Until then, we're playing cat and mouse. And that always ends poorly for the mouse," says Woodrow Hartzog, a law and computer science professor at Northeastern University NYT NEWS SERVICE.

People Are Also Protesting against AI facial recognition, for example...


In 2016, Scott Urban, an eyewear maker in Chicago, developed a line of reflective frames that turned back visible and infrared light.

When a surveillance camera films a person wearing the $164 frames, the reflected light blurs out the face. Mr. Urban called them Reflectacles. 

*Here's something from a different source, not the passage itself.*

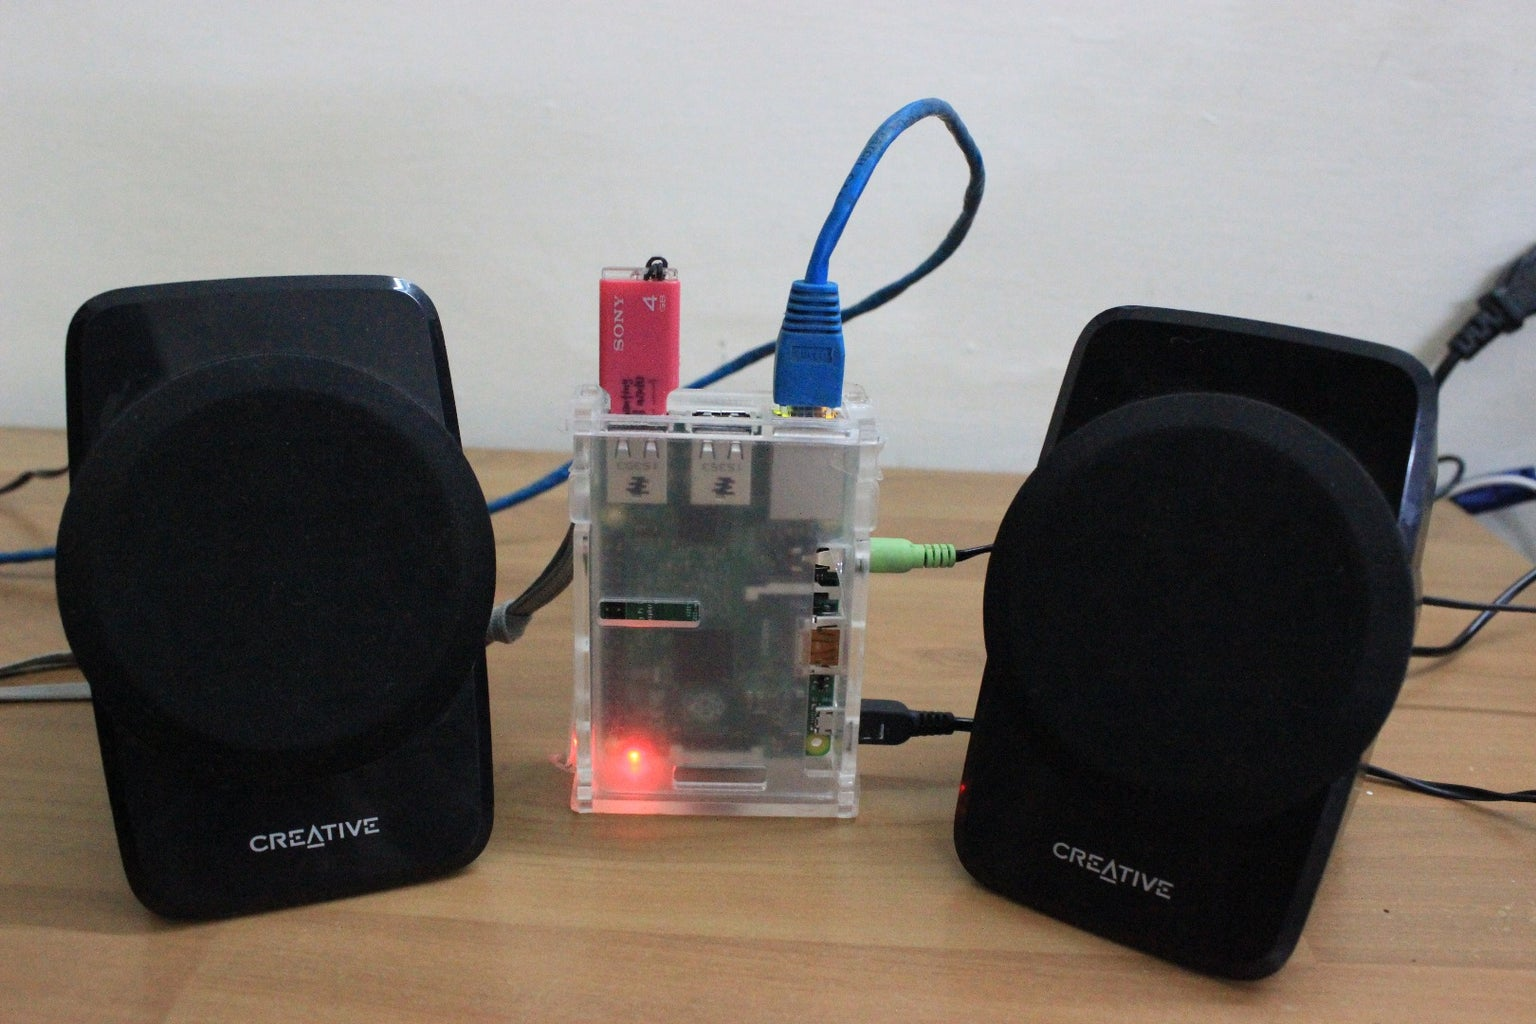 How to Convert Raspberry Pi Into HI FI Audio System Using RuneAudio
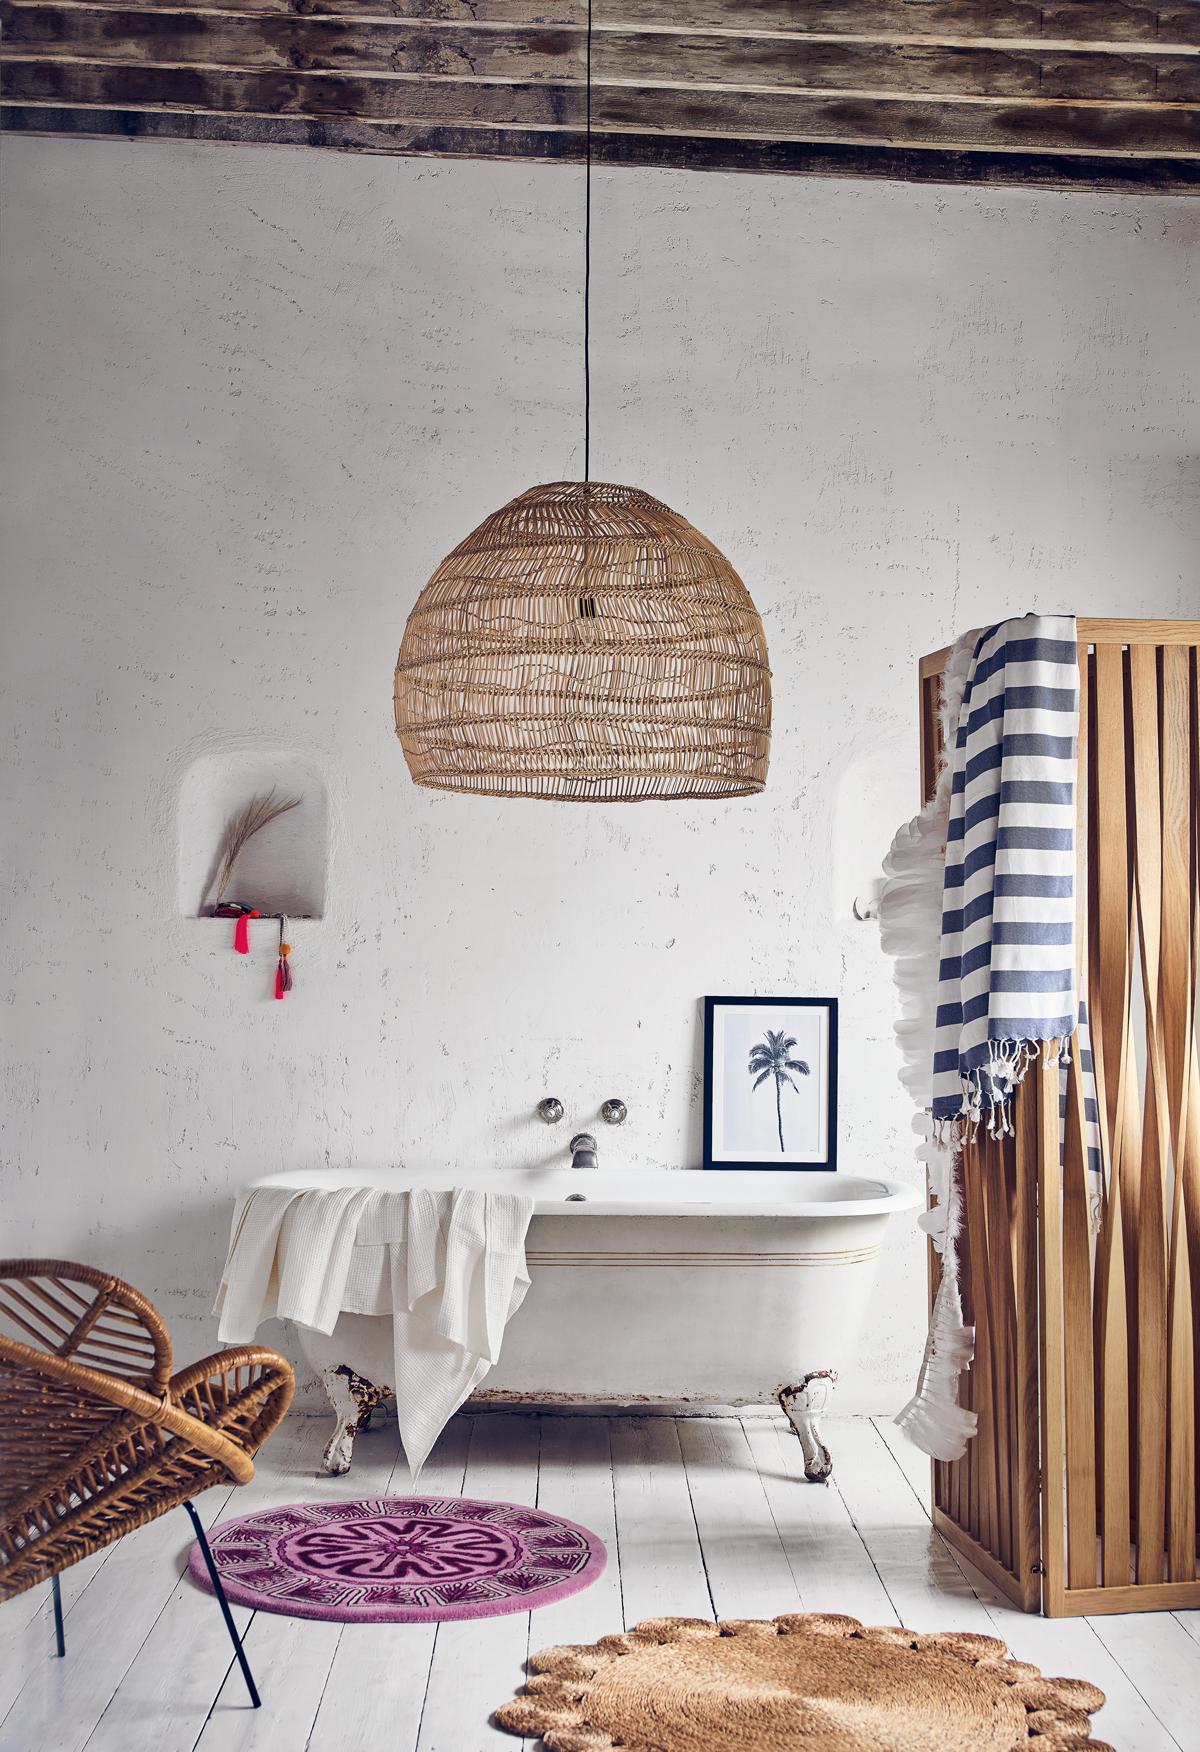 hanging chair notonthehighstreet patio swing interior design trend 2018 modern ibiza coachella festival boho vibes petal bamboo 1 187 chelsea textiles gwelsen oak screen 695 tom raffield wicker lamp 415 out there interiors

Device that hides you facial identity from AI


He is now working full time on privacy protection eyewear, including a new version with lenses that absorb infrared light to deter iris-scanning and facial recognition cameras. His customers include privacy enthusiasts, political activists, and card counters whose faces have been placed on casinos’ watch lists.


“People into their privacy are no longer shunned as loonies,” Mr. Urban said. “It’s become a concern for people of all ages, political perspectives and walks of life.”


He added: “New technologies are continually eroding our privacy and anonymity. People are looking for an opt-out, which is what I’m trying to provide.